Washington: A walk in a park is more than just a nice way to spend an afternoon -- it makes you more generous and sociable too.
"Through the decades, parks advocates, landscape architects, and popular writers have consistently claimed that nature had healing powers," said Frances `Ming` Kuo, environmental and behaviour researcher at the University of Illinois.
"But until recently, their claims haven`t undergone rigorous scientific assessment," added Kuo, who has studied the effect of green space on humans in a number of settings in order to prove or disprove the folklore notions.
"In greener settings, we find that people are more generous and more sociable.
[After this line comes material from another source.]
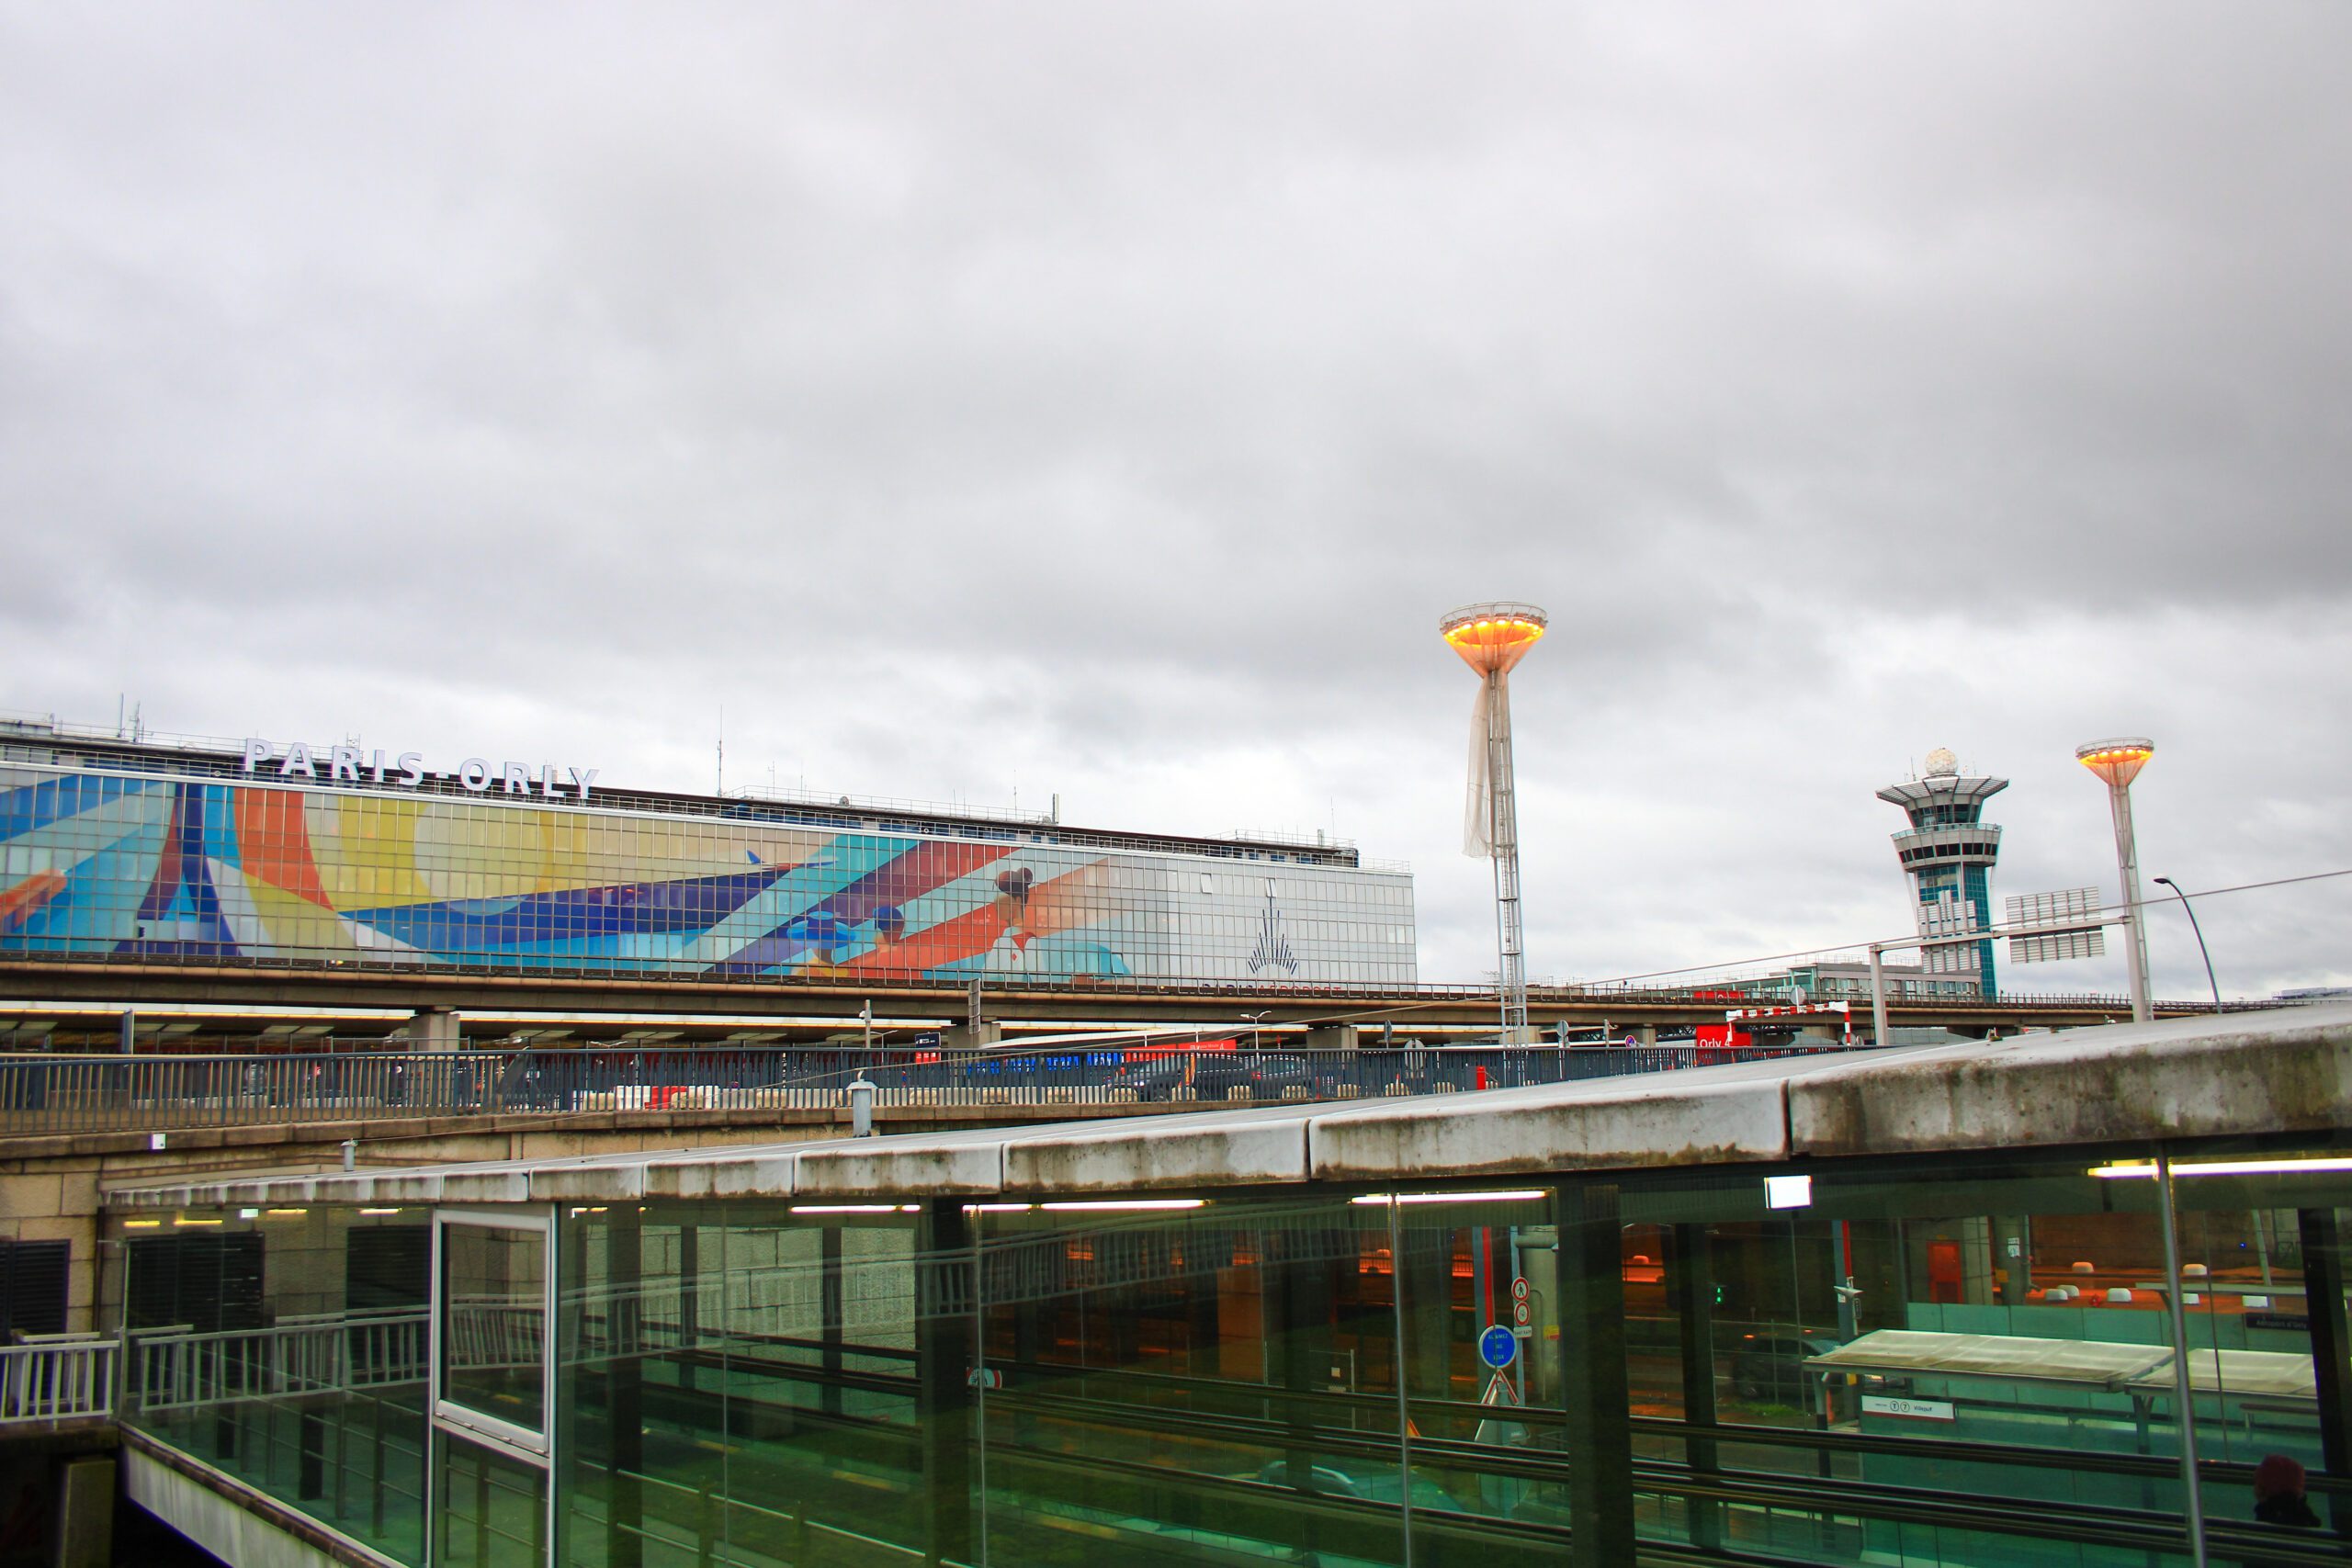 Front of the orly south terminal. Departure and arrival area for international flights

We find stronger neighbourhood social ties and greater sense of community, more mutual trust and willingness to help others," Kuo said.
"Researchers have studied the effects of nature in many different populations, using many forms of nature," Kuo said, according to an Illinois statement.
"They`ve looked at Chicago public housing residents living in high-rises with a tree or two and some grass outside their apartment buildings; college students exposed to slide shows of natural scenes while sitting in a classroom.
"But in the last decade or so, rigorous work on this question has become more of a rule than an exception." After undergoing rigorous scientific scrutiny, Kuo says the benefits of nature still stand.
"Just as rats and other laboratory animals housed in unfit environments undergo systematic breakdowns in healthy, positive patterns of social functioning, so do people," she said.